> _What the task requires_
Would you reproduce the whole listing exactly, minus its images?

> _The data_
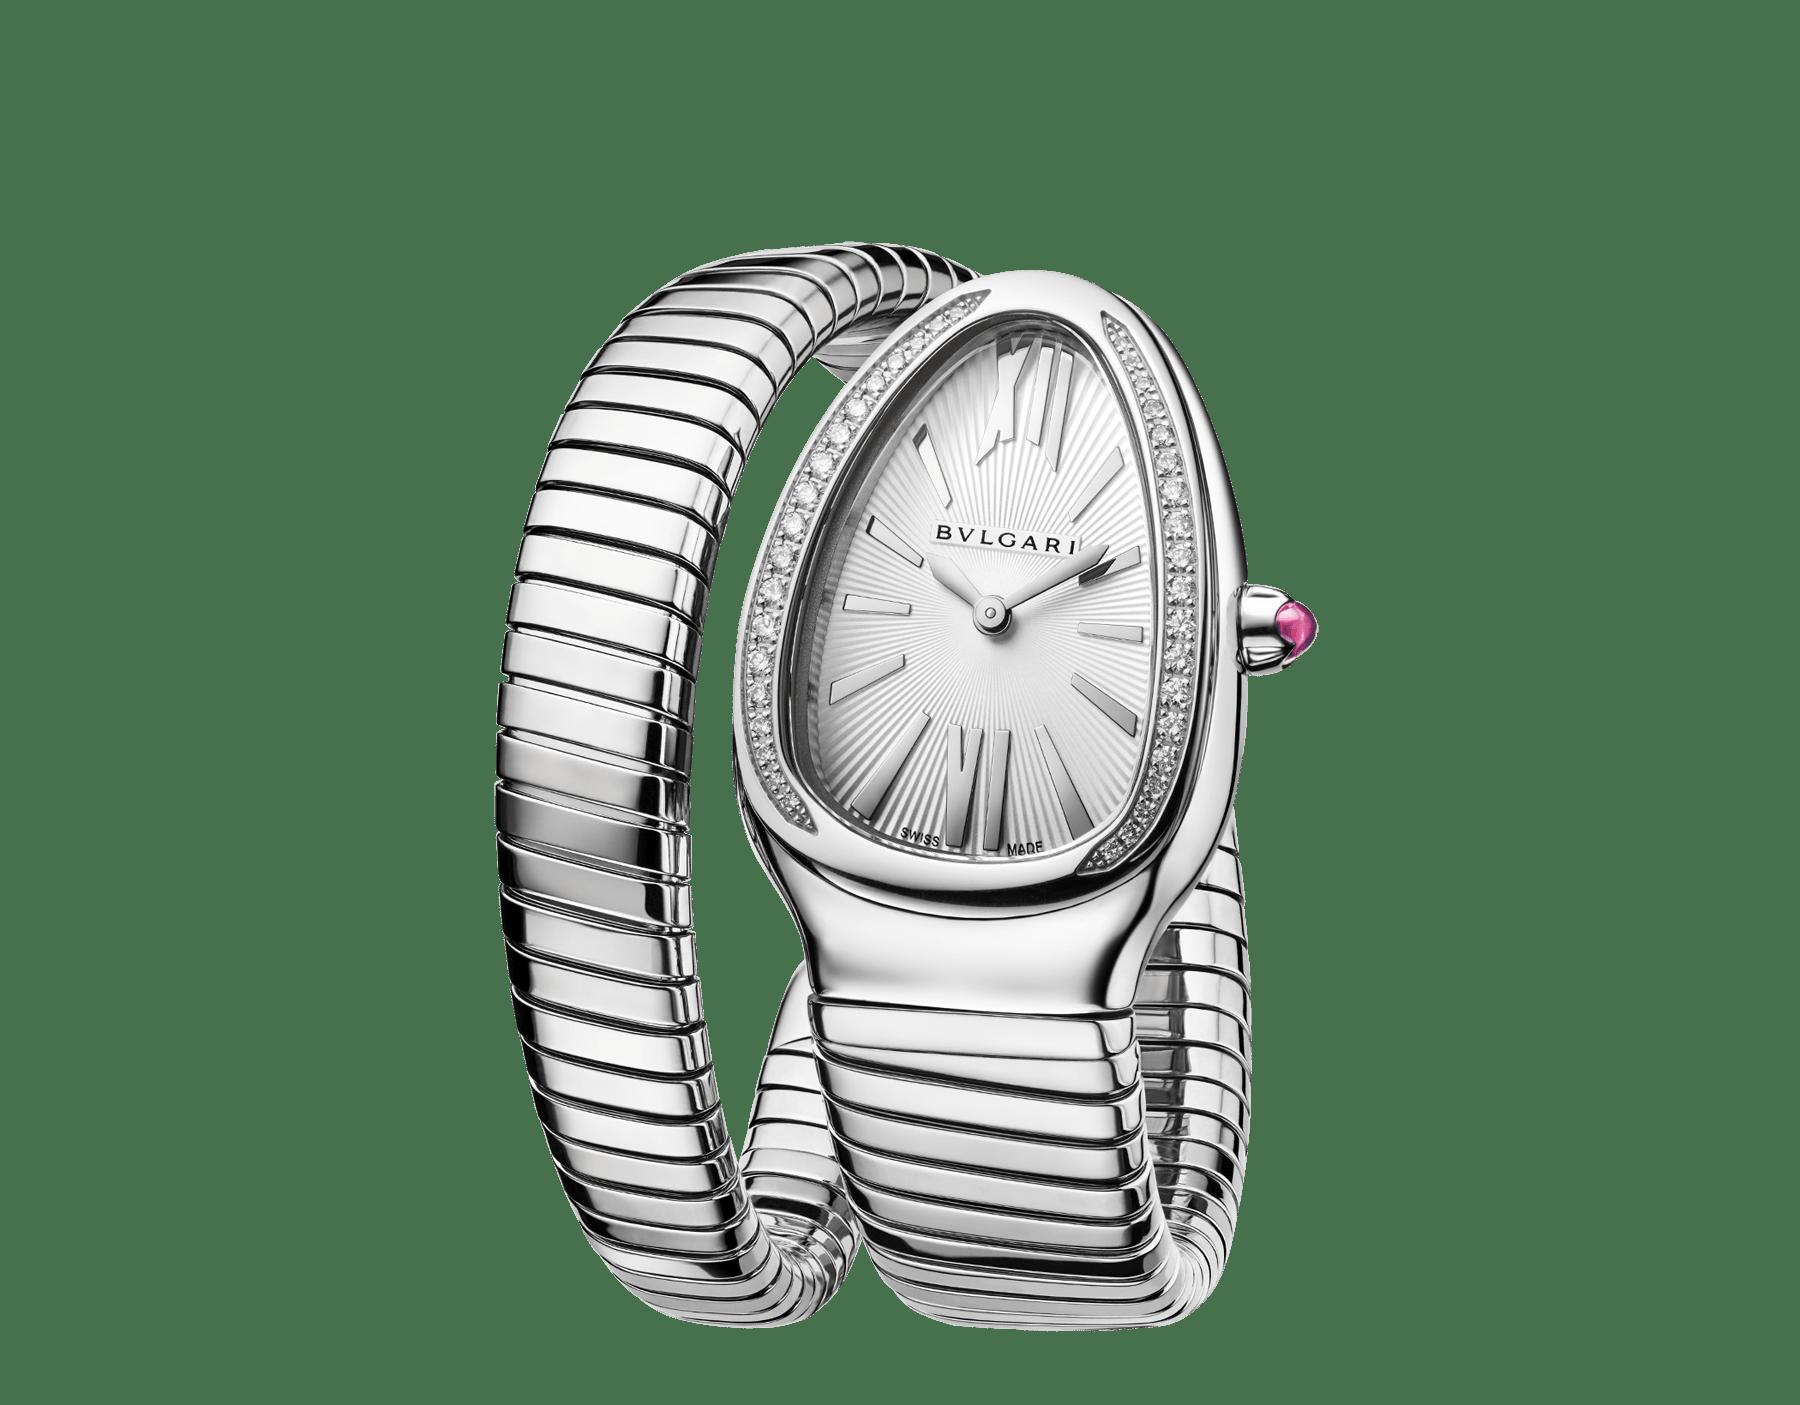 Reloj Serpenti Tubogas con caja y brazalete de una vuelta en acero inoxidable con esfera plateada opalescente. Talla grande. SrpntTubogas-white-dial1 image 2
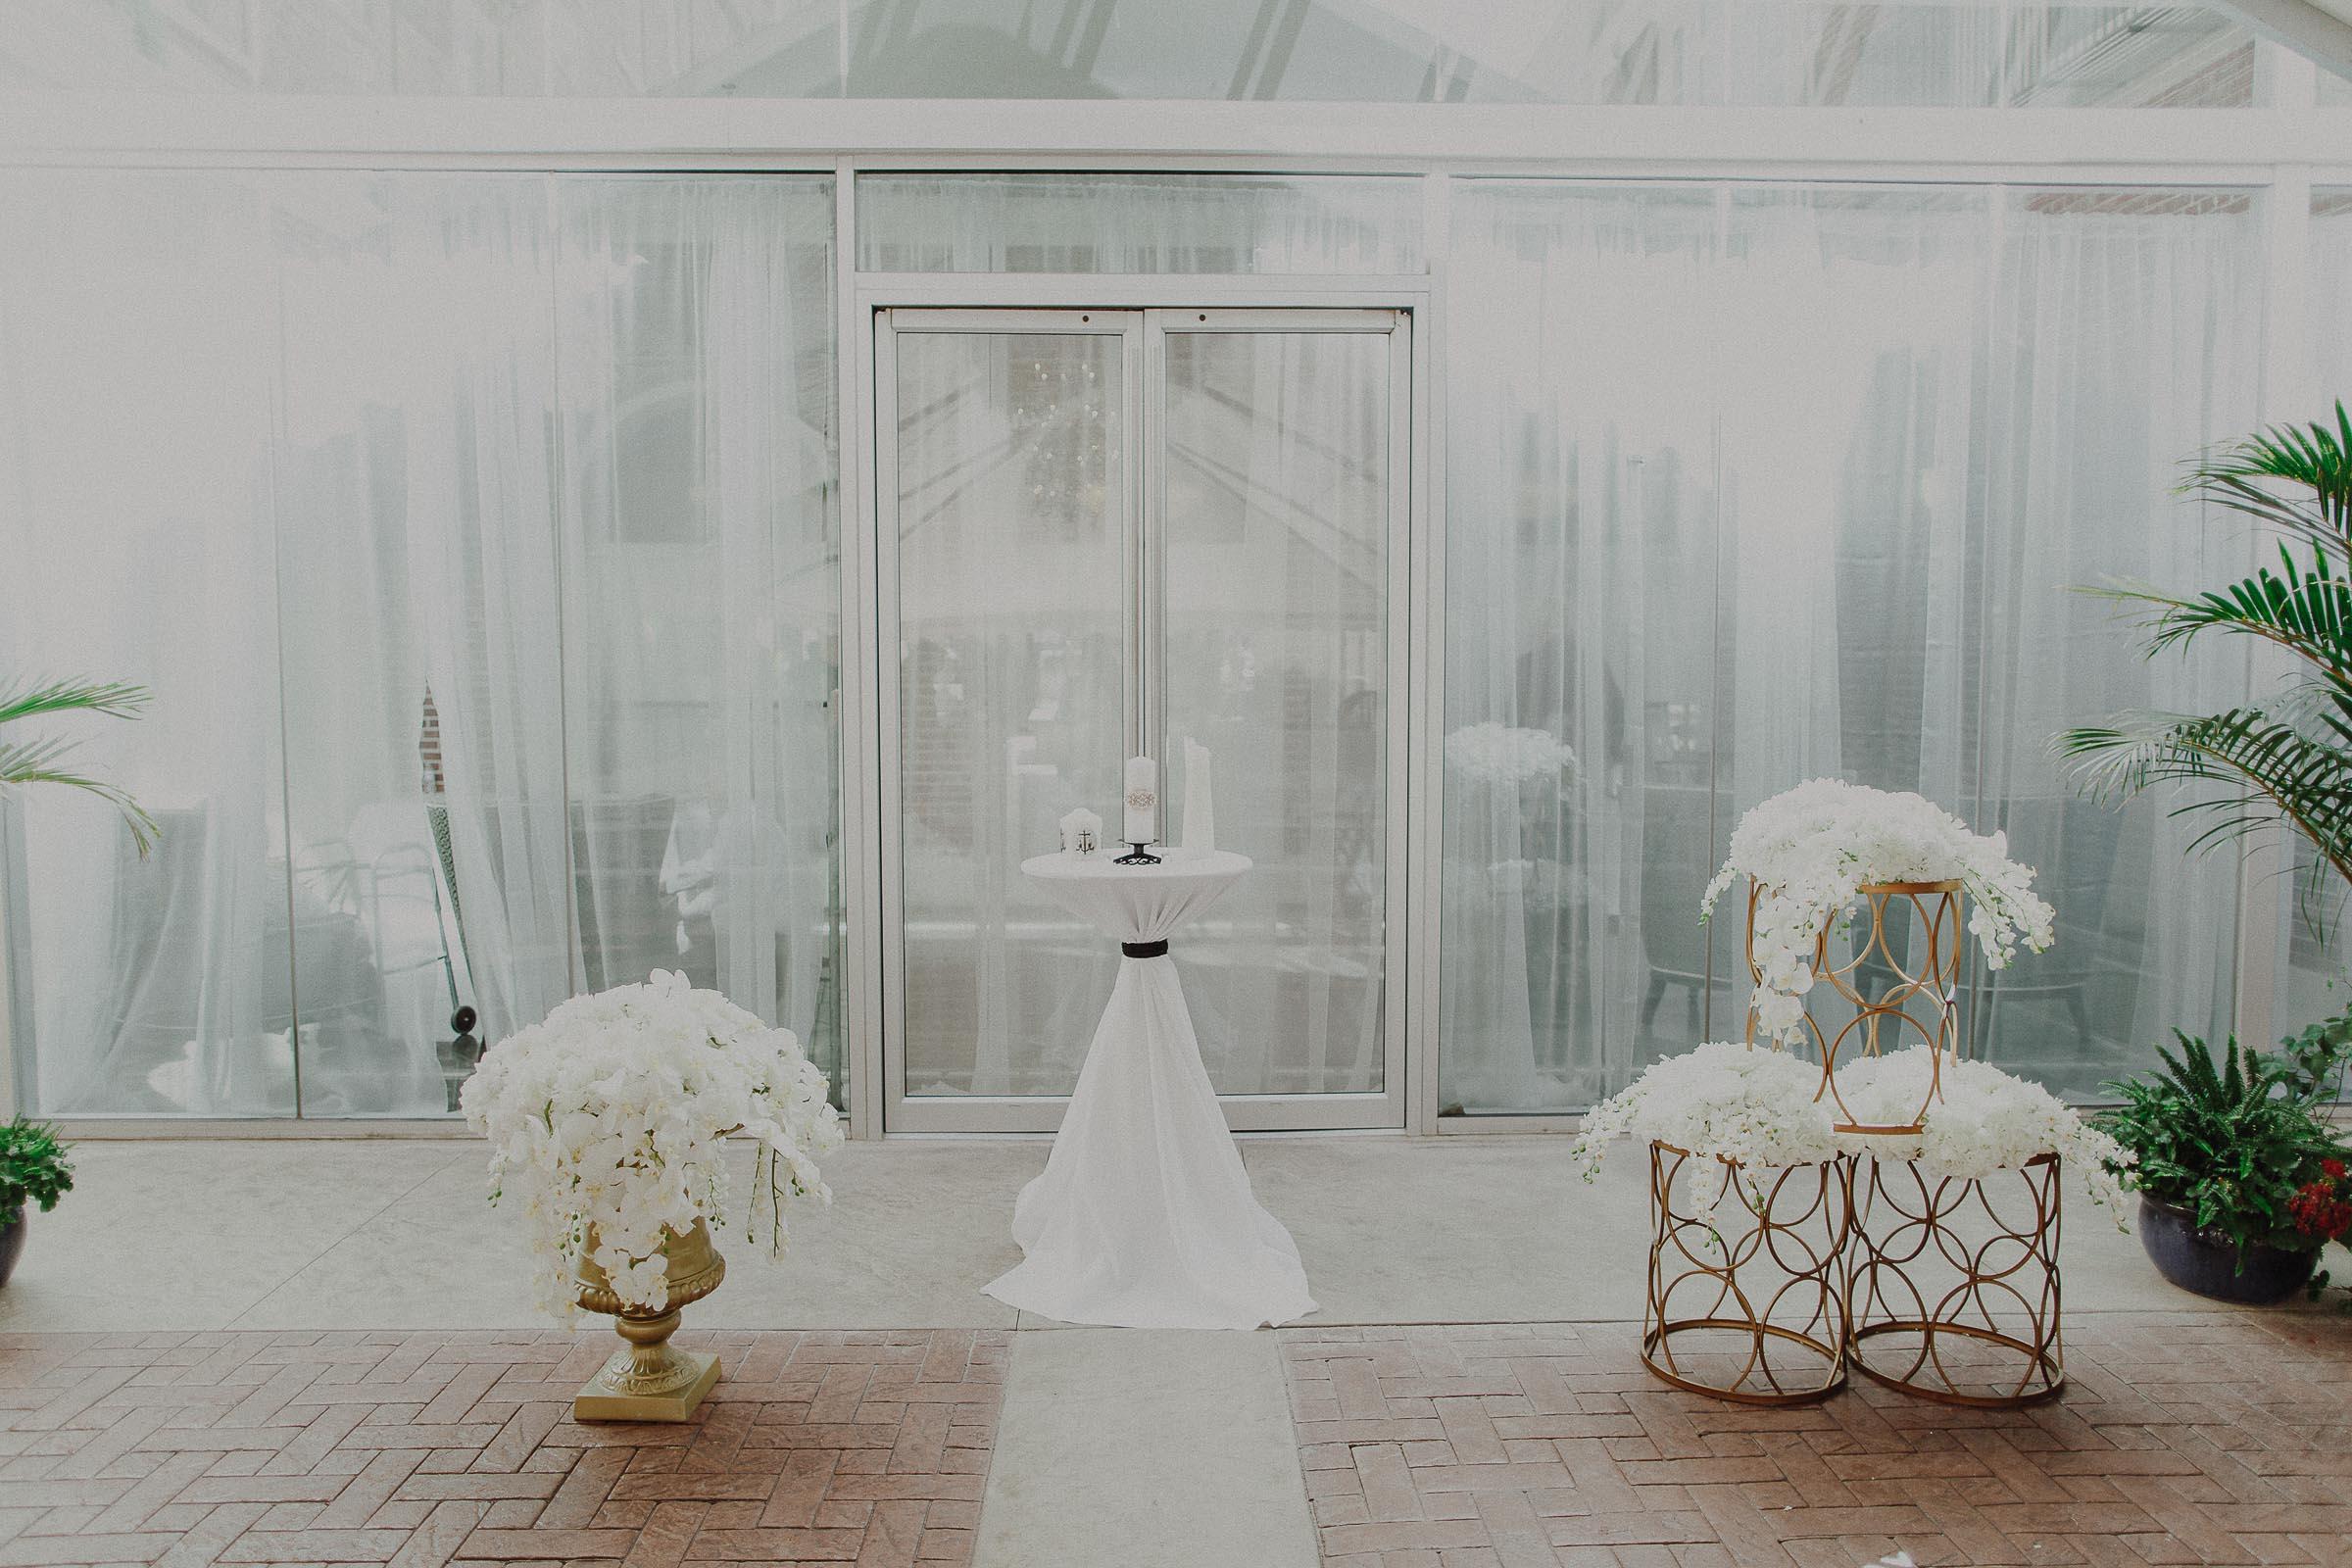 epic flower piece for wedding ceremony
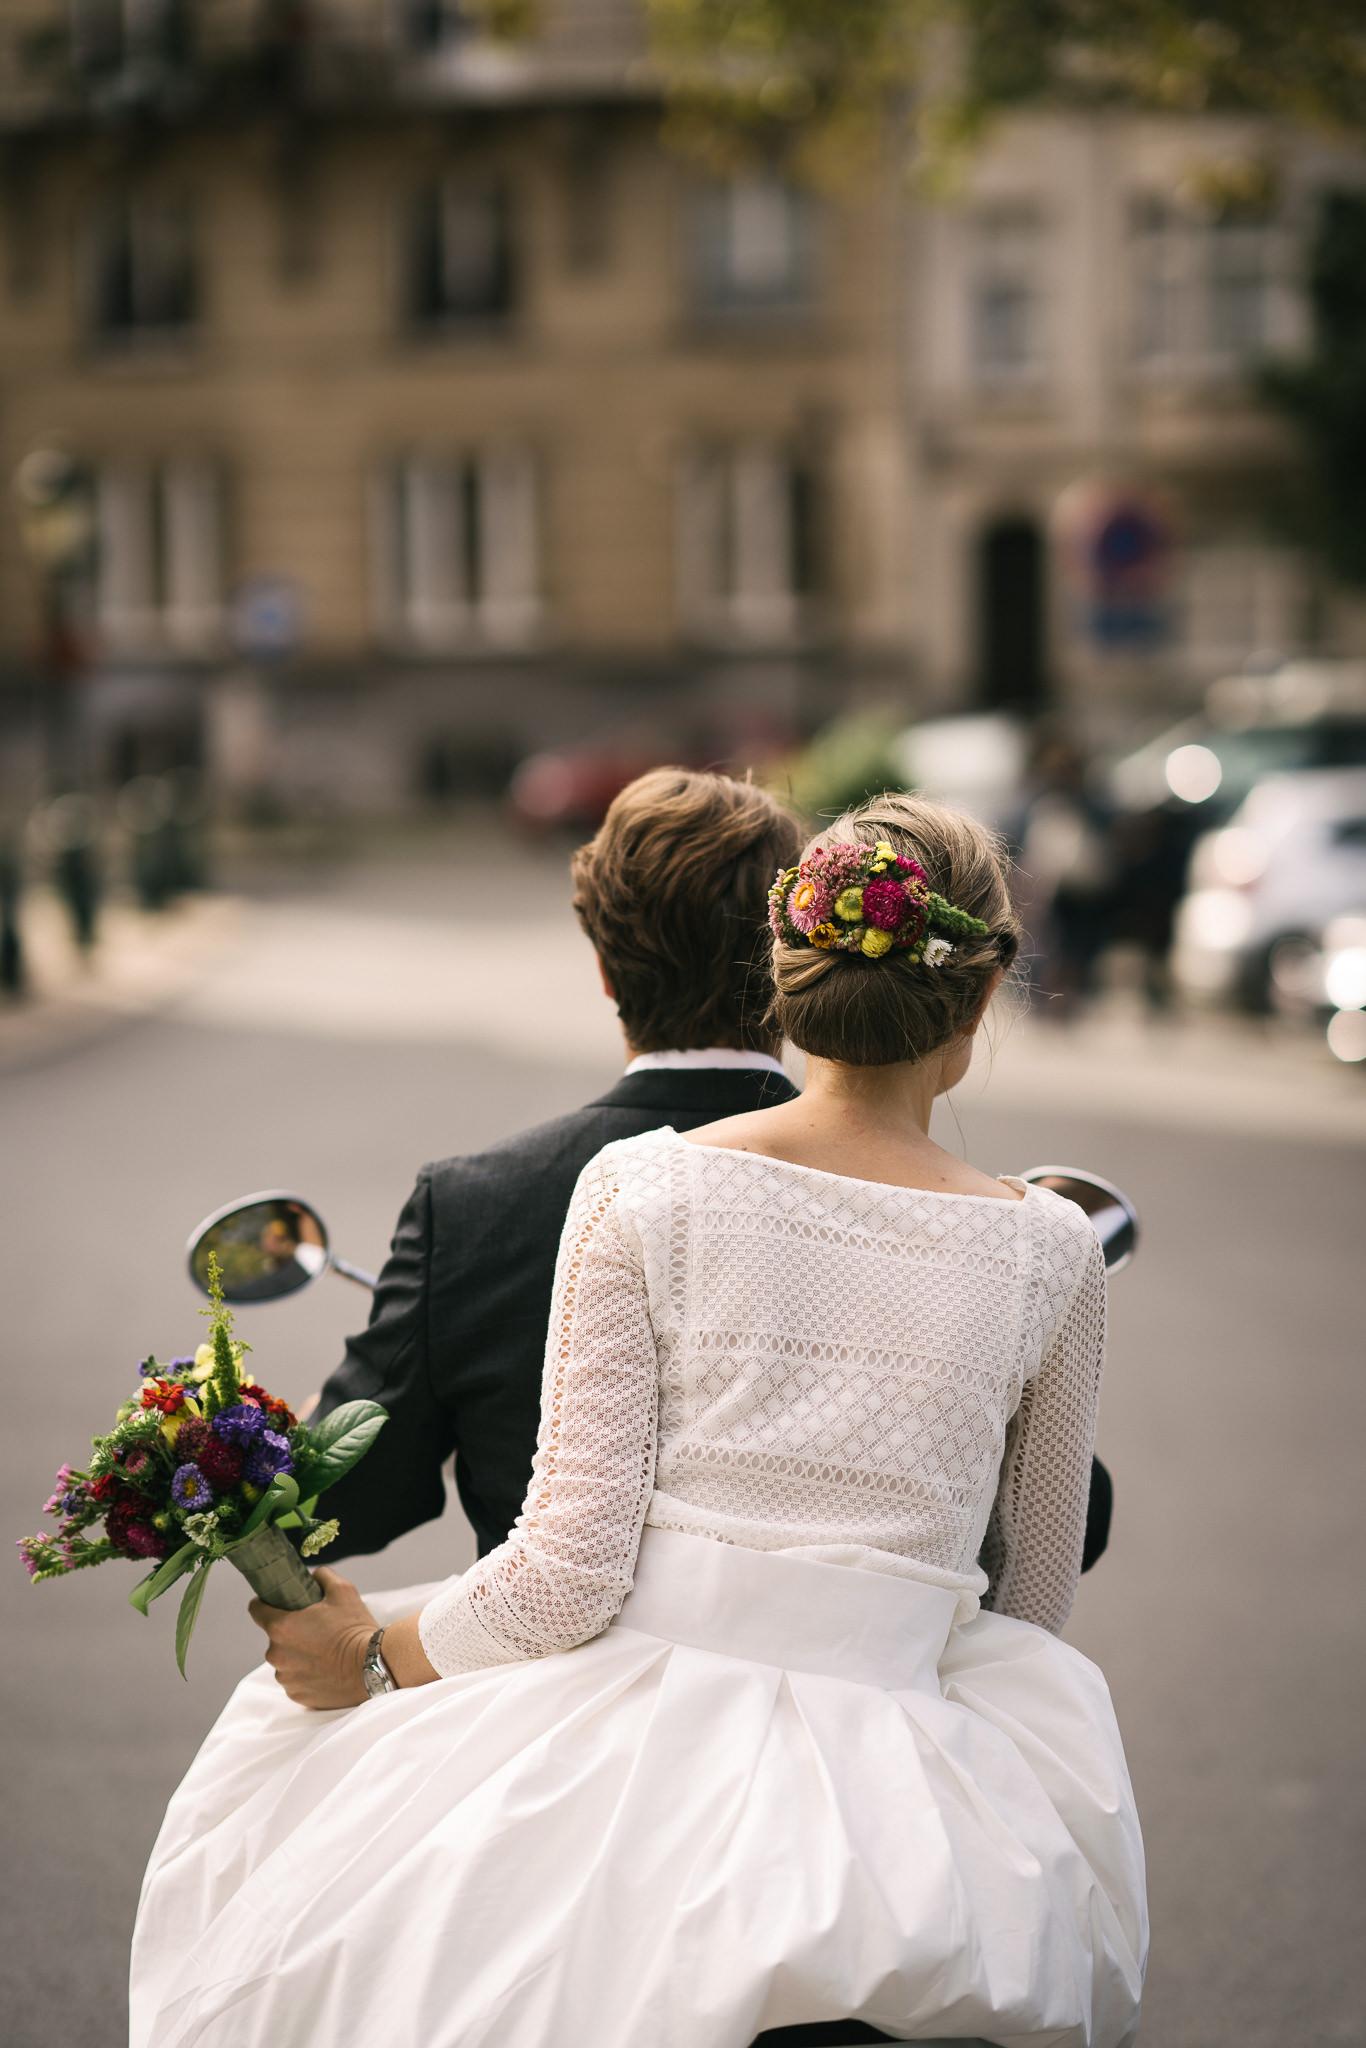 Wedding-Claudia&Philipp-15092018-small-118.jpg

> _Response below_
 Reloj Serpenti Tubogas con caja y brazalete de una vuelta en acero inoxidable con esfera plateada opalescente. Talla grande. SrpntTubogas-white-dial1 image 2
 epic flower piece for wedding ceremony
 Wedding-Claudia&Philipp-15092018-small-118.jpg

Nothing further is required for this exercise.